• STUDY MATERIAL:
▼
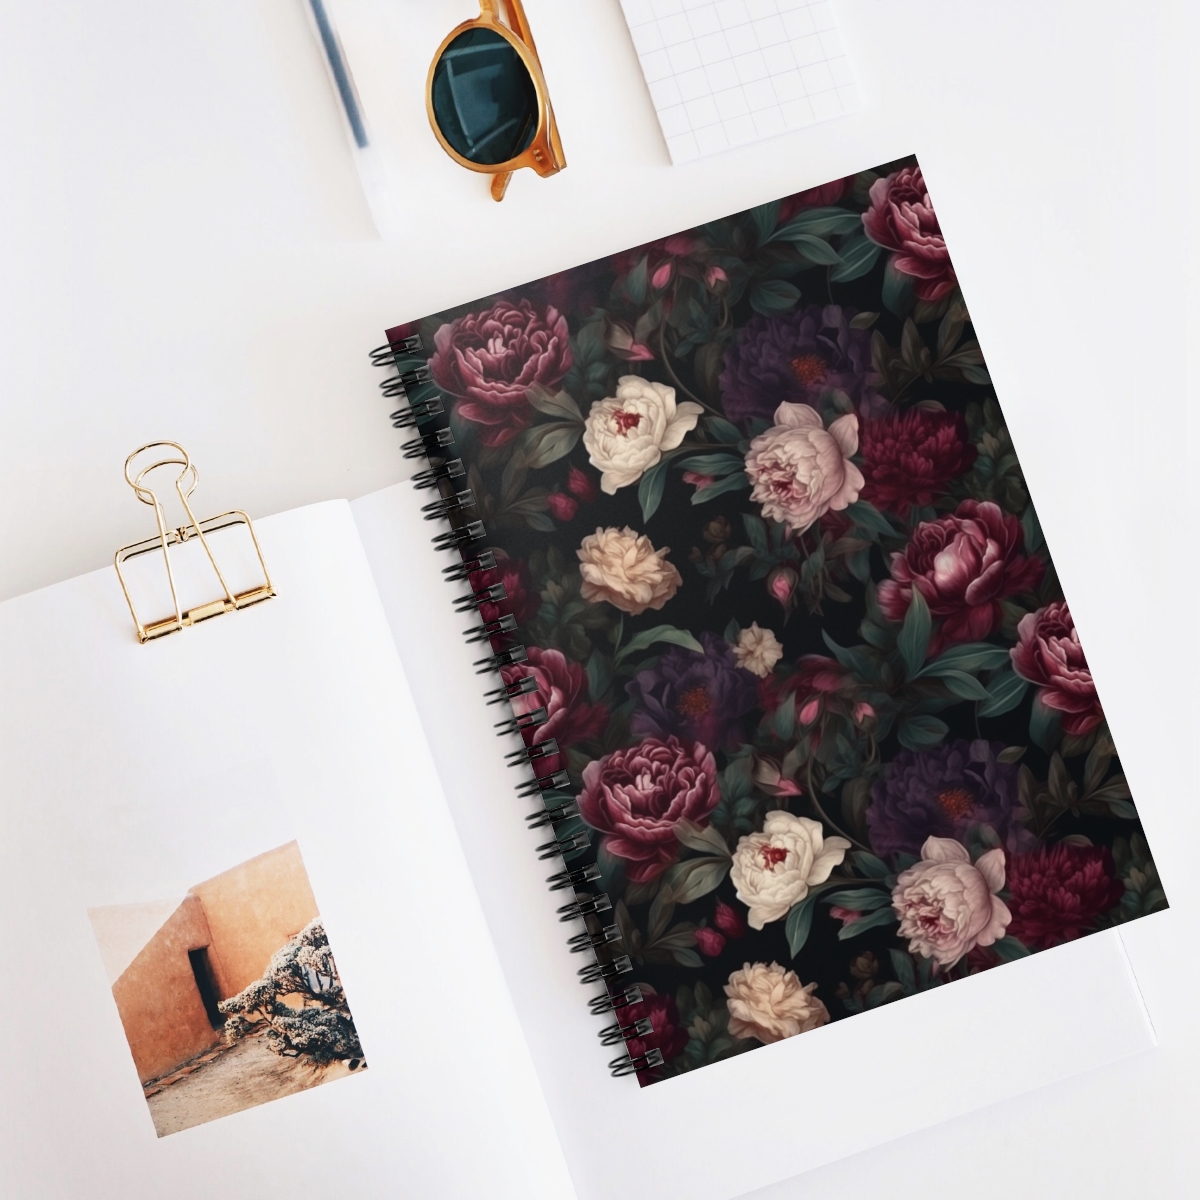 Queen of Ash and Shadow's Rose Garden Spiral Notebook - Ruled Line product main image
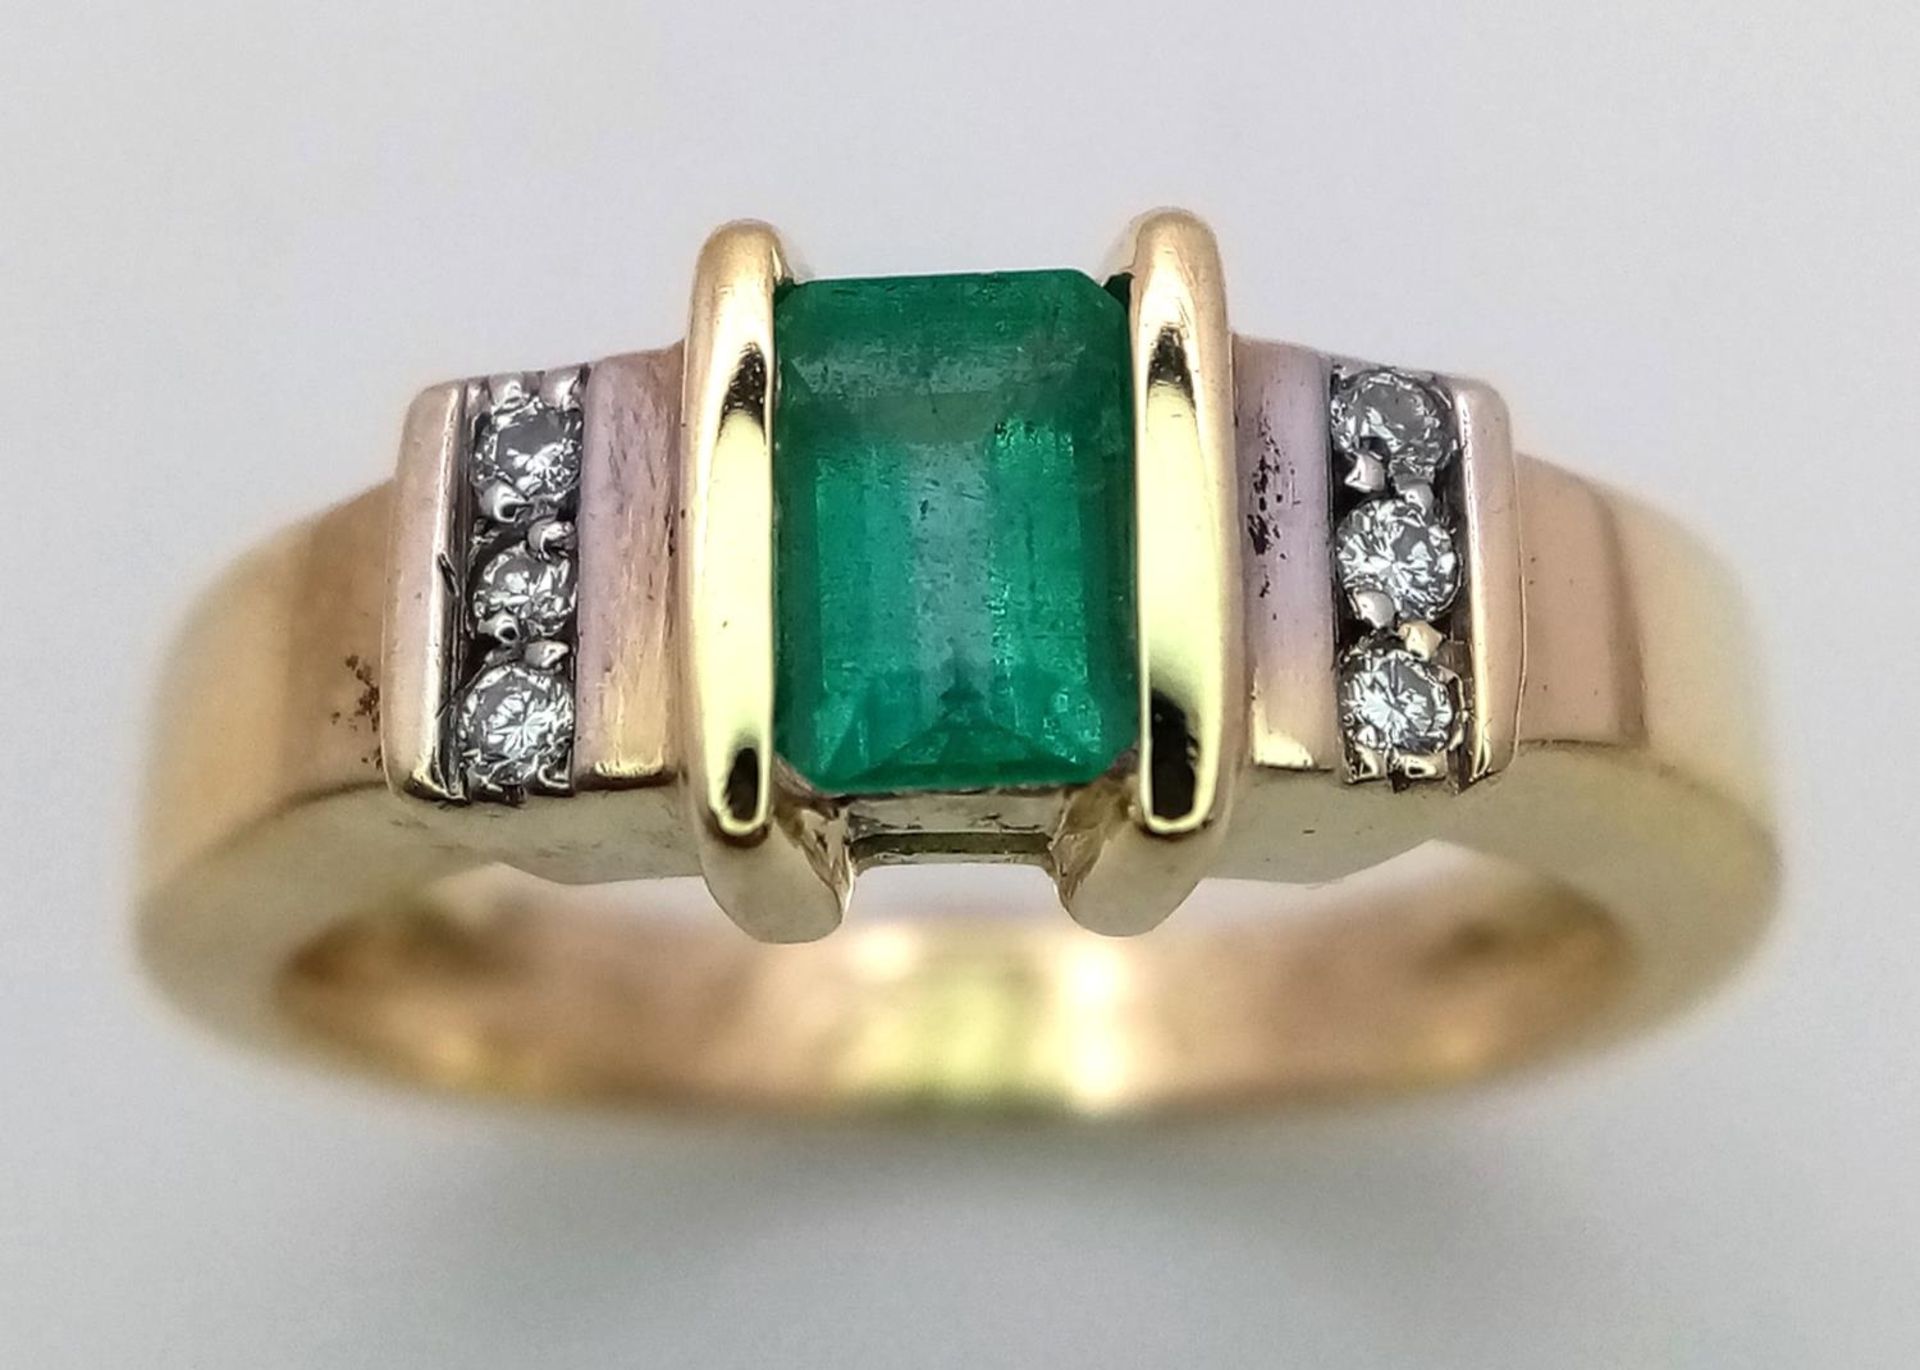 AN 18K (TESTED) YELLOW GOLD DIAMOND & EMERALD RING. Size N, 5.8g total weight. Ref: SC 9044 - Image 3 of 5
▲
▼
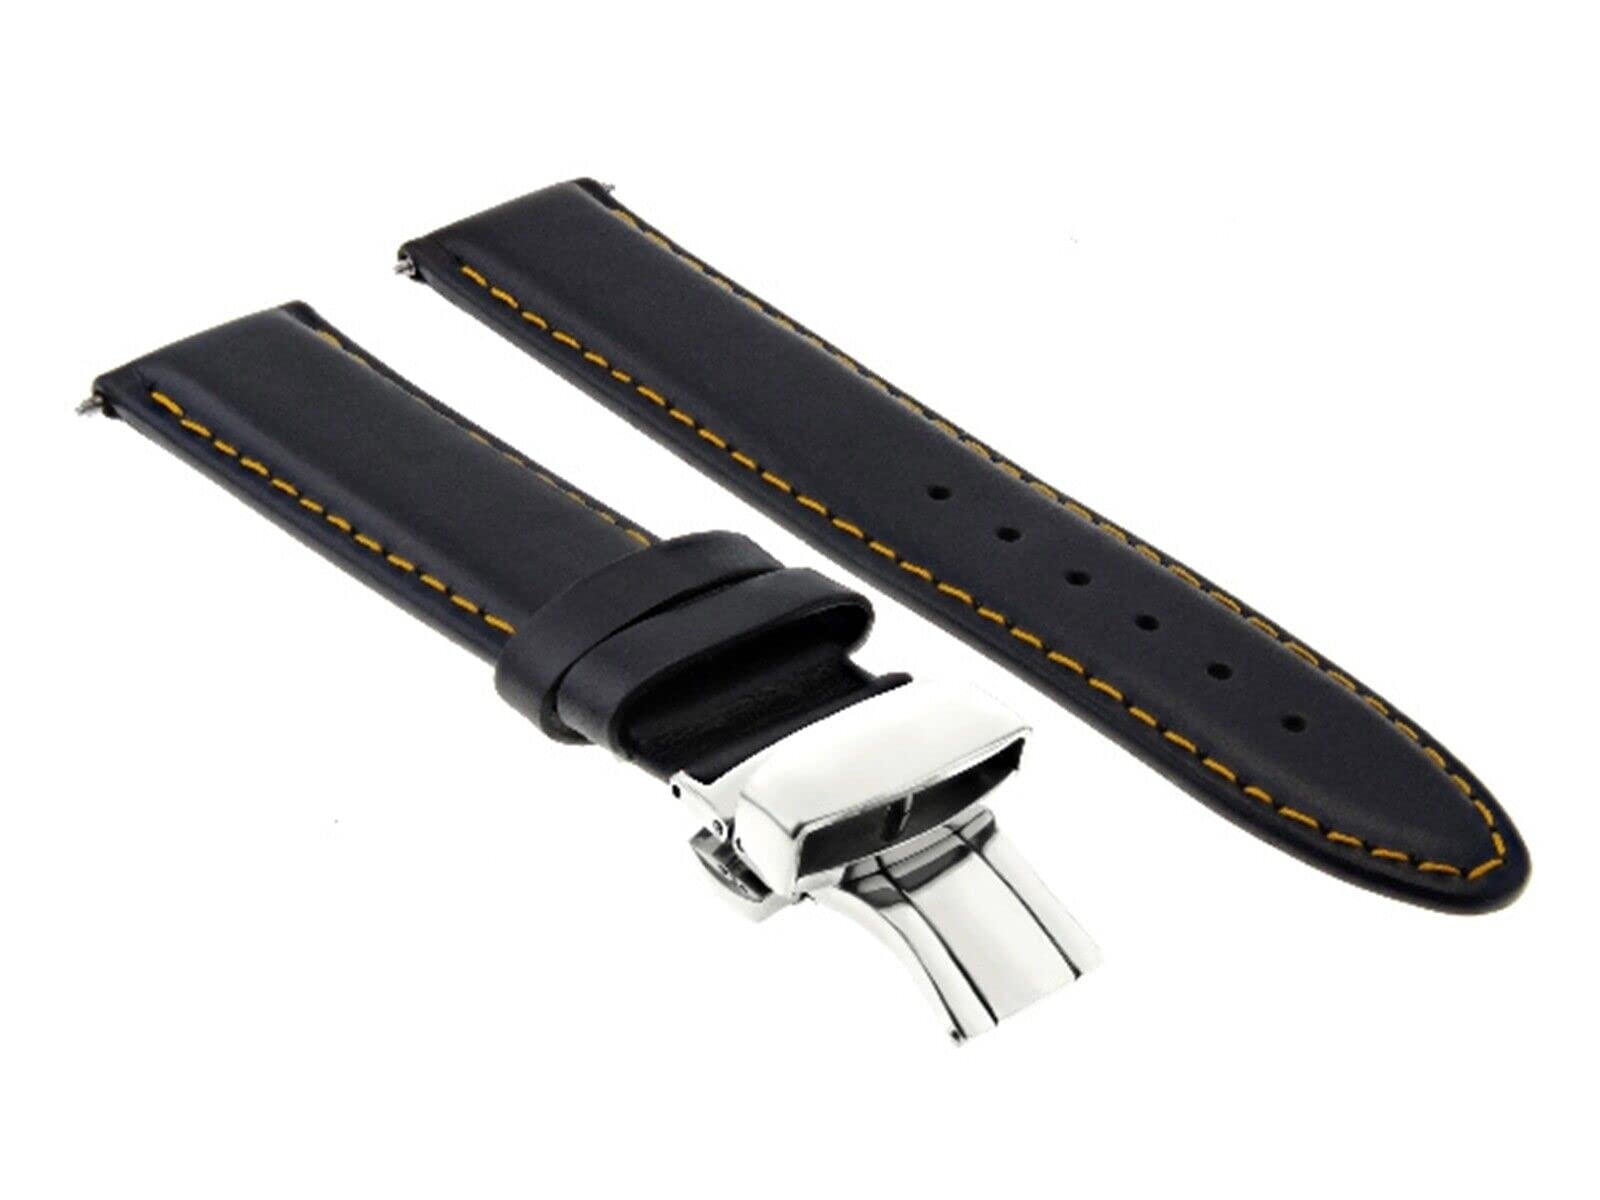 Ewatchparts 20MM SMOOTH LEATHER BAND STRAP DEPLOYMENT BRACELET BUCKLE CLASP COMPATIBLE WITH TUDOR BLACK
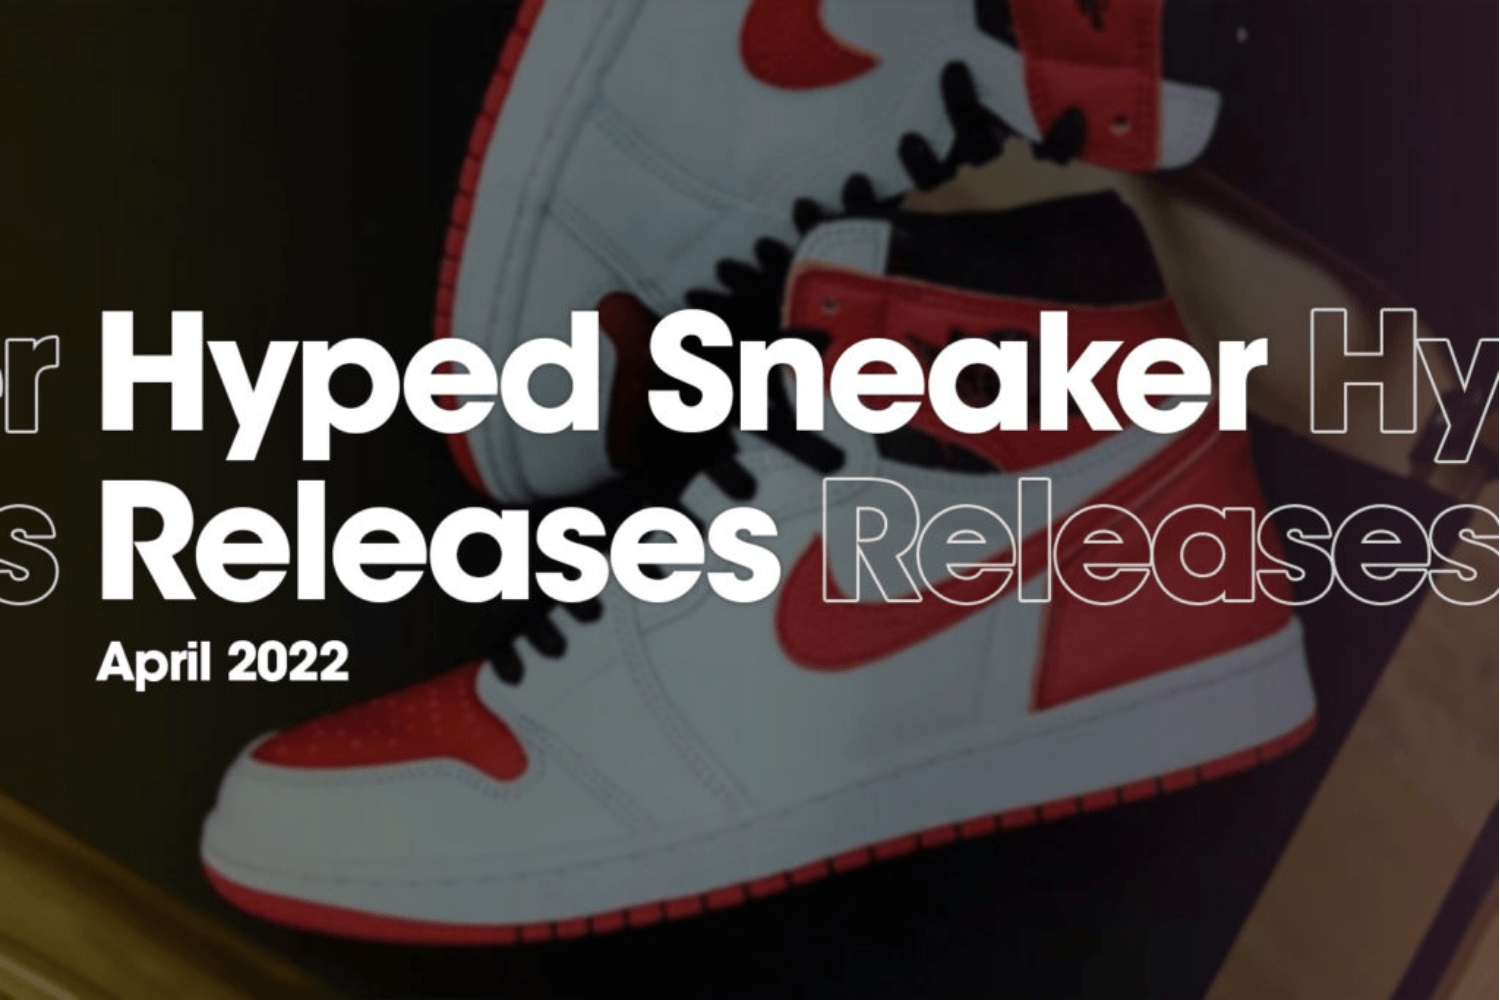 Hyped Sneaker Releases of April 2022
▲
• EXERCISE GOAL: Without the pictures, set down the lines above from the line with "Ewatchparts 20MM SMOOTH" up to and including the line with "Hyped Sneaker Releases of April 2022" exactly as they stand.

• YOUR SOLUTION:
 Ewatchparts 20MM SMOOTH LEATHER BAND STRAP DEPLOYMENT BRACELET BUCKLE CLASP COMPATIBLE WITH TUDOR BLACK
 Hyped Sneaker Releases of April 2022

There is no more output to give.